On Nakamise dori, the shopping street going from the Kaminarimon gate to the Senso-ji temple in Asakusa, is a small store that you might not notice. A small shop for small toys. Indeed, the shop sells traditional miniature Edo-style toys. There, we met with Mister Yoshitaka Kimura, the owner. He introduced us to this delicate and little-known craft.
The Edo period and sumptuary laws
During the Edo period, artisans developed the skills to make smaller and smaller items. The reason? The sumptuary laws issued during this time.
With the establishment of the Edo period (1615-1868), the shogunate was determined to strengthen its control and maintain peace by creating a stable society. To do so, the class system was tightened with strong social and economic rules.
At the top of society, the samurai, followed by farmers, artisans and, at the bottom of the pyramid, merchants. Nobility, shinto priests and Buddhist monks were exempt from this class system.
To maintain this hierarchy, the shogunate issued sumptuary laws. They aimed to control outward signs of wealth, by regulating how to dress or how to decorate one’s house. For example, merchants couldn’t wear clothes with gold and silver trimming. While farmers could only wear hemp and cotton clothing. Even the upper classes were constrained by certain rules. Thus, women couldn’t bring along more than one maid.
In opposition to those laws, the Edo period was full of creativity and innovation. The merchants, stucked at the bottom of the hierarchy but getting very prosperous at that time, did not fail to find ingenious ways to expose their new wealth.

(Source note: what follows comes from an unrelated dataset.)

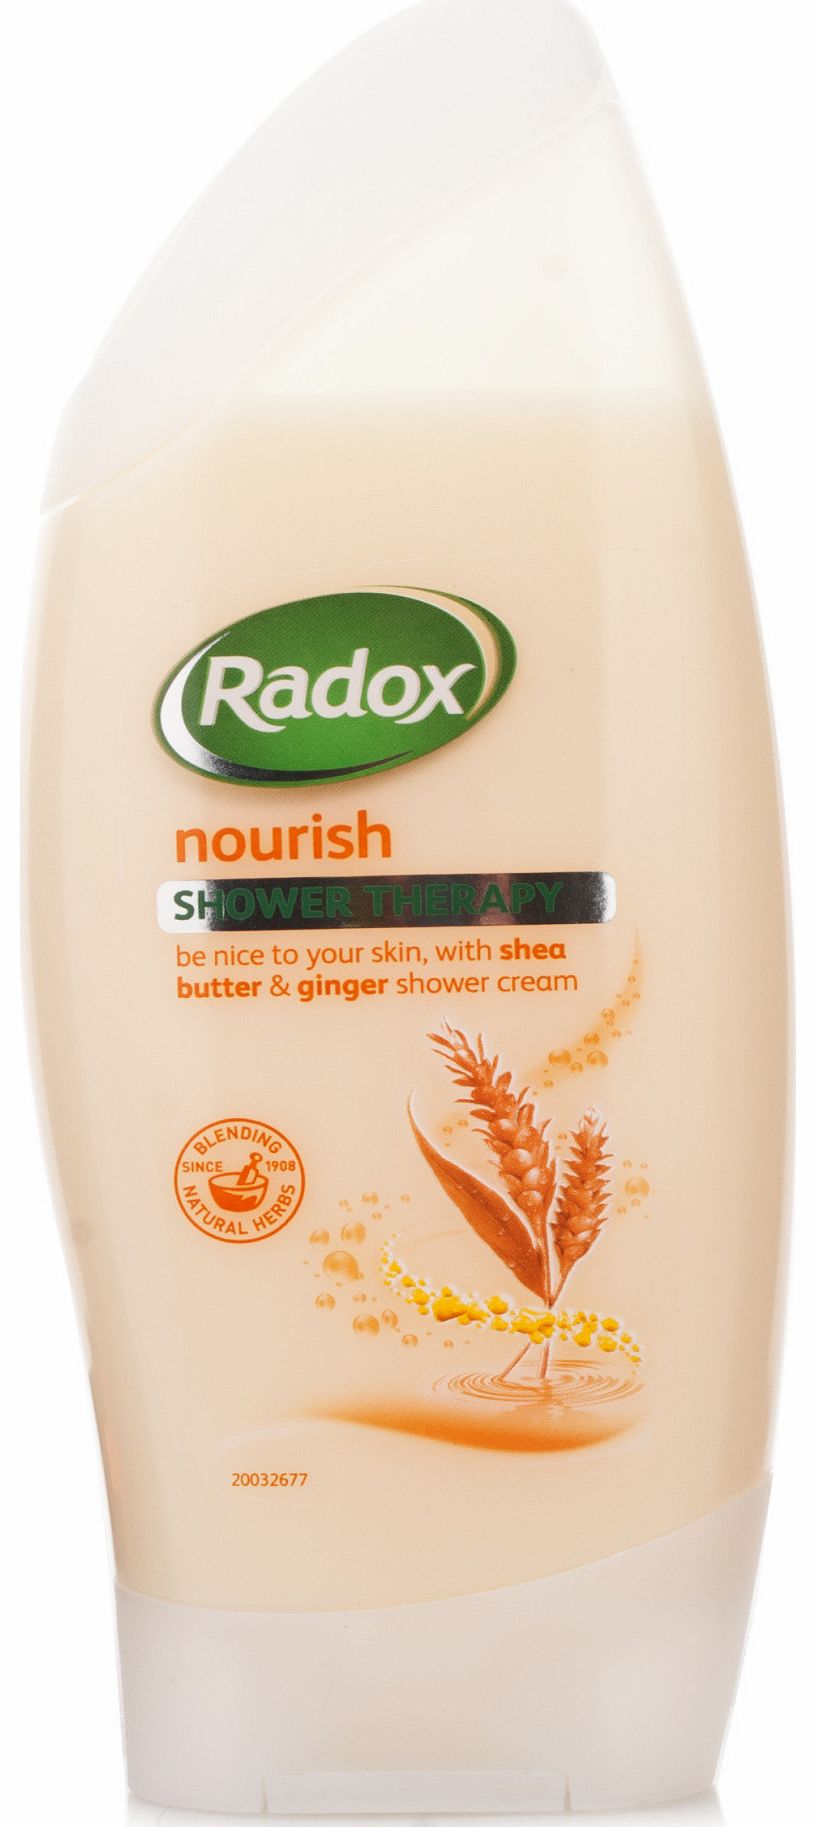 Radox Nourish Shower Cream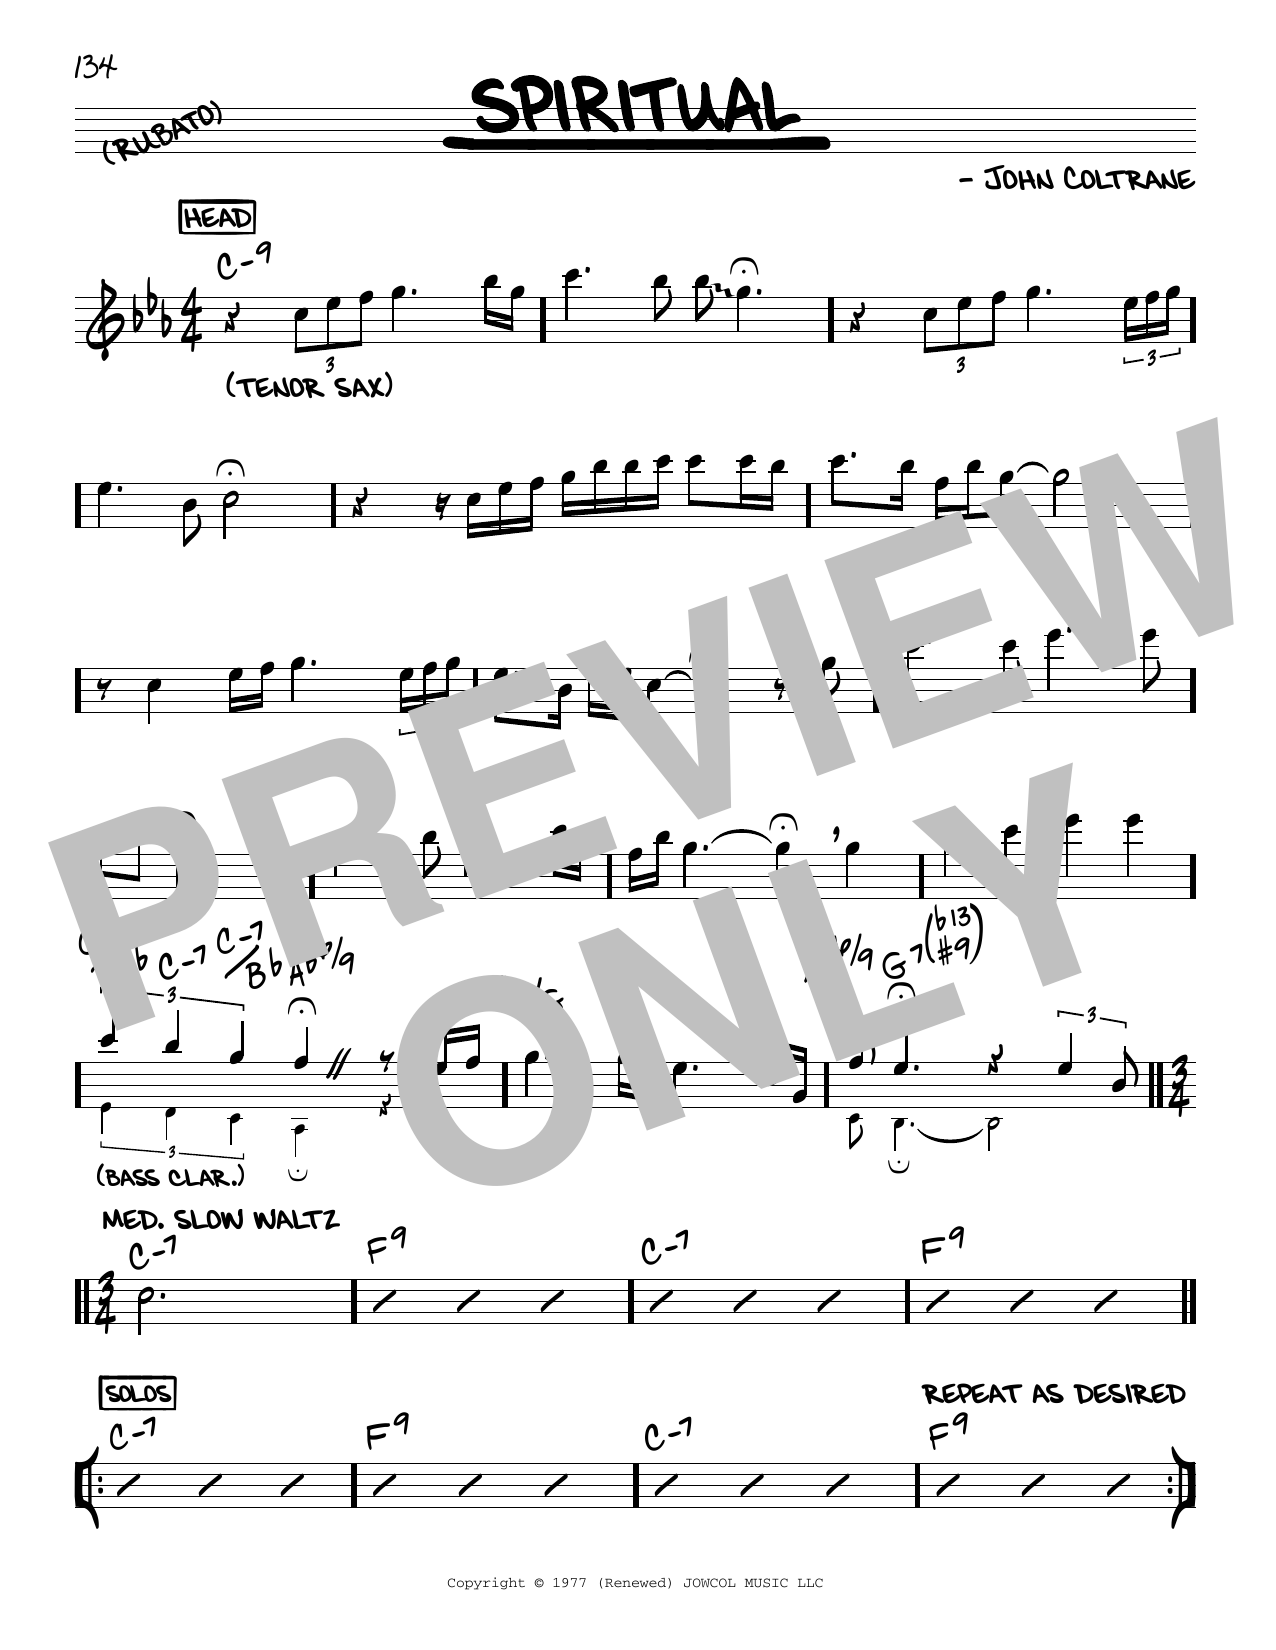 John Coltrane Spiritual Sheet Music Notes & Chords for Real Book – Melody & Chords - Download or Print PDF

For example, one can still find today houses which, from the street, appear to have only one storey, when in fact have two, but only visible once inside. These creative architectures made it possible to circumvent the laws on housing constructions. This is also why artisans developed the skills to make miniature toys. Less ostentatious than large and luxurious items, the smaller the toy, the finer the details, and the higher the price.
Sukeroku shop on Nakamisa dori, Asakusa
Founded in 1866, Sukeroku, on Nakamise dori, is the last remaining shop selling Japanese miniature Edo-style toys. Now run by 84 years old Yoshitaka Kimura, his family has passed-on this tradition, introducing the skills of craftsmen for 5 generations.
Nowadays, there are fewer and fewer craftsmen capable of such precision. And they are scattered throughout Japan. Mr. Kimura made it his mission to promote this unique know-how by continuing to showcase their work in his shop.
Our time has seen a return to fashion for ostentatious objects, on the principle “the bigger it is, the more expensive”. But for Mr. Kimura, anyone can create a big item. While only a few specialists can have the patience, the delicacy and the skills to make such precise miniatures.
If you find yourself in the Nakamise dori shopping street, do not hesitate to go visit Mr. Kimura and admire the delicate work of the artisans.